Interaction between two transcriptional control sequences required for tumor-antigen-mediated simian virus 40 late gene expression.

Abstract

Transcriptional control signals required for tumor (T)-antigen trans-activation of the simian virus 40 (SV40) late promoter include T-antigen binding sites I and II and the SV40 72-base-pair (bp) repeats. We have used in vivo competition studies to examine how these signals function in relationship to one another. In vivo competition with recombinant plasmids containing the entire SV40 late regulatory region and promoter sequences [map position (mp) 5171-272] results in quantitative removal of limiting trans-acting factor(s) required for late gene expression in COS-1 cells. Deletion of either the T-antigen binding sites (mp 5171-5243) or the 72-bp tandem repeat (mp 128-272) from the competitor plasmid results in markedly less efficient binding of the trans-acting factor, as judged by the loss of competition.
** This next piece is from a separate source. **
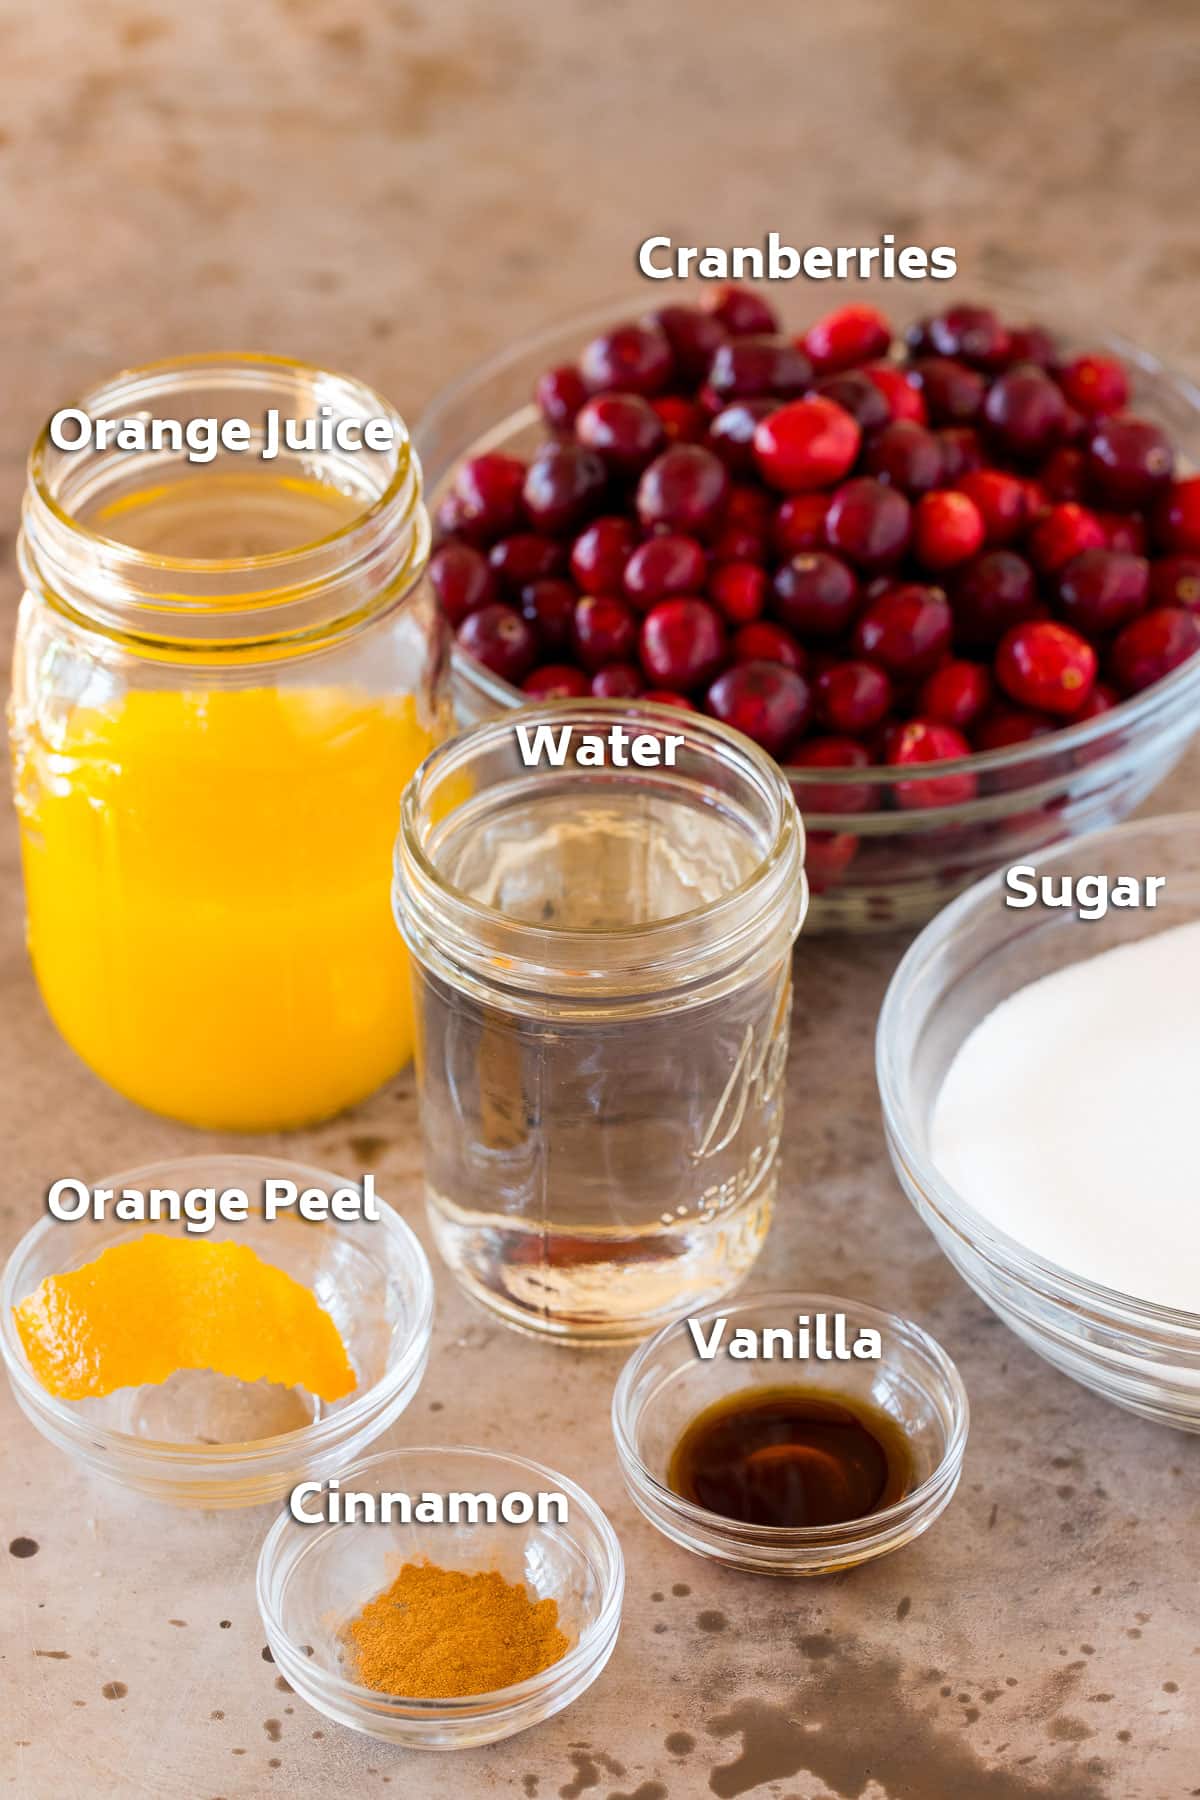 Bowls and jars of ingredients including cranberries, orange juice, and sugar.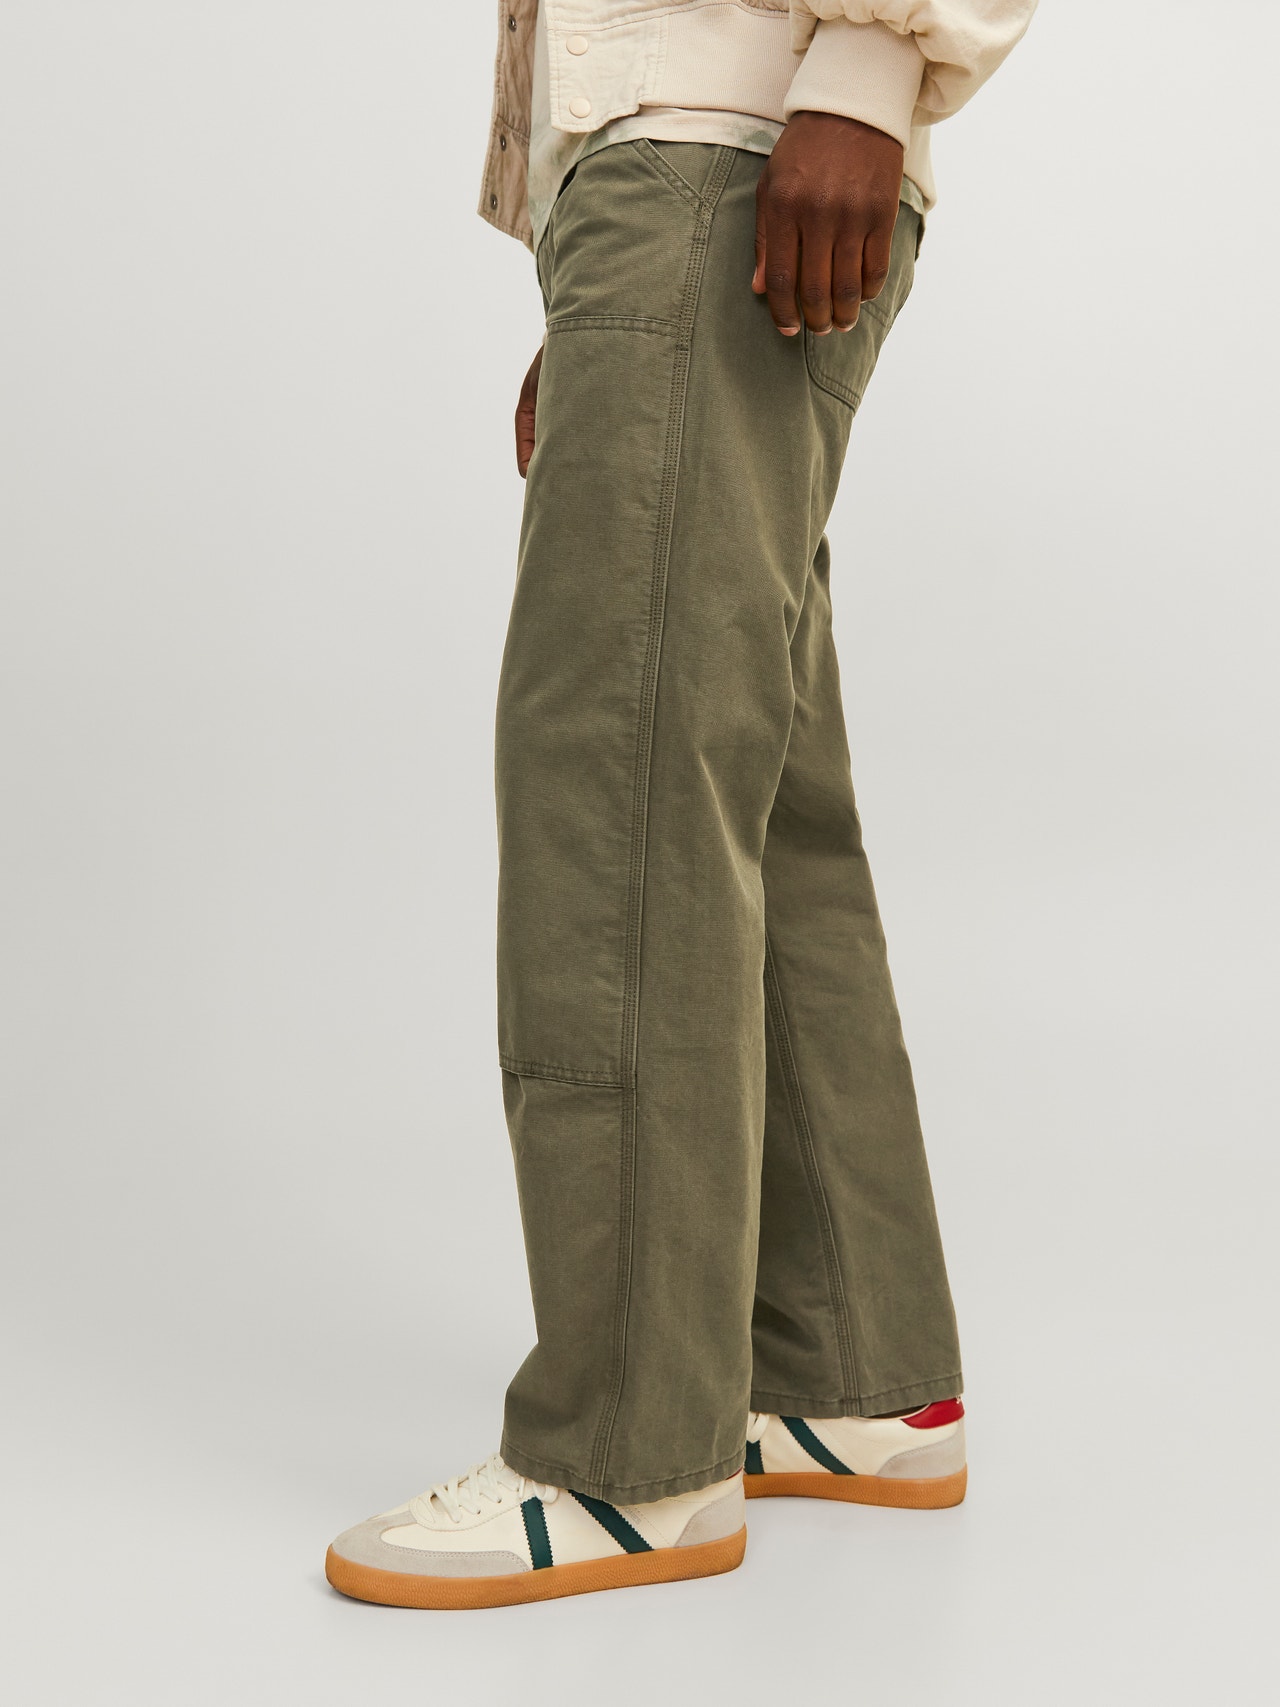 Jack & Jones Loose Fit 5 Pocket trousers -Olive Night - 12258362

Cotransfection of two separate plasmids, one containing the T-antigen binding sites I and II and the other containing the 72-bp repeats, fails to compete for the trans-acting factors. Insertion of increasing lengths of DNA sequences between the T-antigen binding sites and the enhancer sequences also dramatically reduces the efficiency of competition. These results suggest that efficient binding of trans-acting factors requires the presence, in cis, of at least two SV40 regulatory domains. Our studies further suggest that the distance separating these two transcriptional signals is important.